4. Materials and Methods

4.1. Antibody–Drug Conjugates

HER3-DXd was synthesized in accordance with the published procedure [19], conjugating the exatecan derivative-based cytotoxic payload, DXd, with a naked anti-HER3 antibody (patritumab, U3-1287). Control IgG-ADC (anti-LPS antibody) was synthesized in the same manner as HER3-DXd using matched isotype mAb, resulting in a comparable drug-to-antibody ratio.

4.2. Cell Lines

MDA-MB-453, HCC2218, COLO829, HCC4006 and NCI-H2228 were purchased from ATCC. PC-9 was purchased from ECACC, and HCC-78 was purchased from Leibniz Institute DSMZ. MDA-MB-453 was cultured with Leibovitz L-15 medium (#11415; Thermo Fisher Scientific, Waltham, MA, USA) supplemented with 10% fetal bovine serum (#SH30396.03; HyClone Laboratories, Logan, UT, USA) in a humidified CO2-free incubator (Forma Steri-Cult #3307; Thermo Fisher Scientific) at 37 °C. All other cell lines were cultured with RPMI1640 (#11875; Thermo Fisher Scientific) supplemented with 10% FBS in a humidified 5% CO2 incubator at 37 °C.

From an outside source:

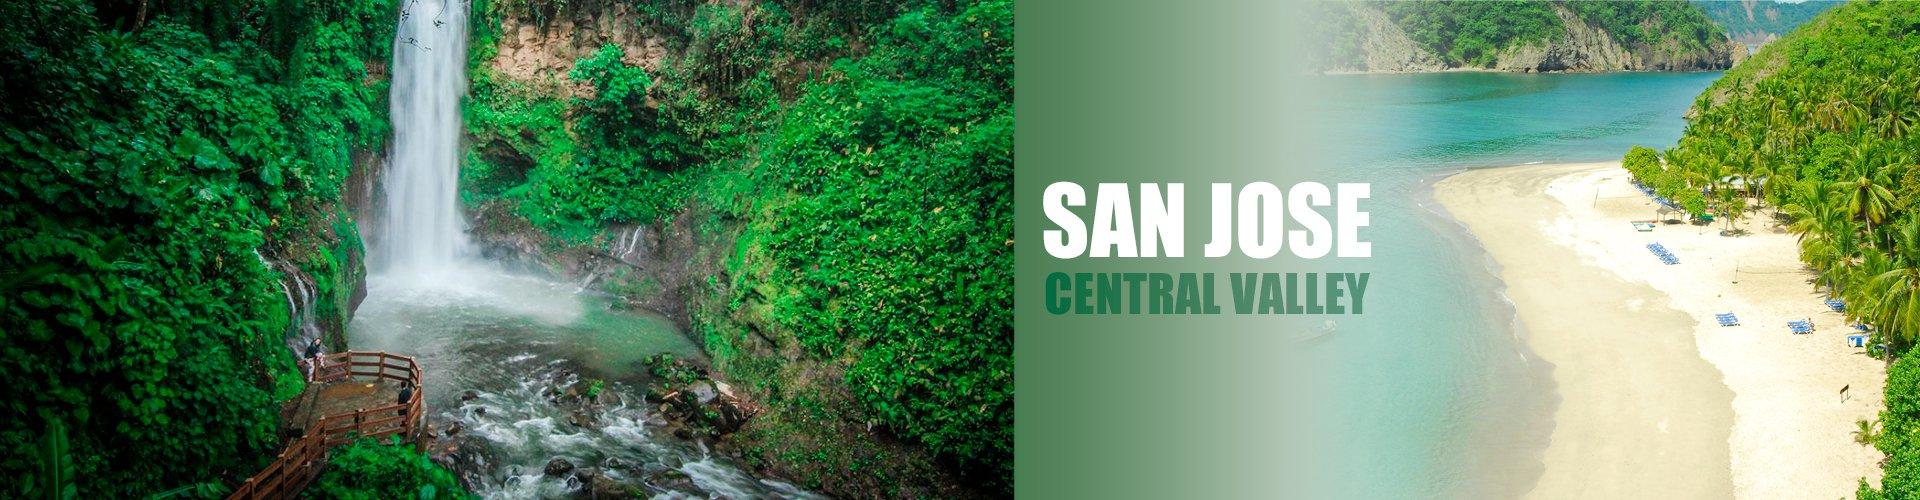 San José Central Valley

4.3. Confocal Microscopy Imaging

Cell suspension of MDA-MB-453 or HCC2218 was incubated with HER3-DXd on ice or at 37 °C. After harvesting, cells were fixed and permeabilized and then incubated with the primary antibody cocktail, the secondary antibody cocktail and DAPI solution. Fluorescent images were acquired using a confocal microscope. See Supplementary Materials and Methods for further information.

4.4. Binding, Internalization and Turnover Assessed by Flow Cytometry

Cells were seeded on plates and incubated with HER3-DXd on ice or at 37 °C. Cell surface HER3 expression change in cell lines was evaluated by flow cytometry. See Supplementary Materials and Methods for further information.

4.5. Payload Measurement

4.5.1. Sample Collection

Cells were seeded in 24-well plates and cultured at 37 °C until culture medium collection. MDA-MB-453, HCC2218, and COLO829 cells were treated with 10 nM HER3-DXd for 3–48 h. PC-9 cells were treated with 10 nM osimertinib or DMSO followed by 10 nM HER3-DXd treatment for 1–24 h. See Supplementary Materials and Methods for detailed information on payload measurement using LC-MS/MS.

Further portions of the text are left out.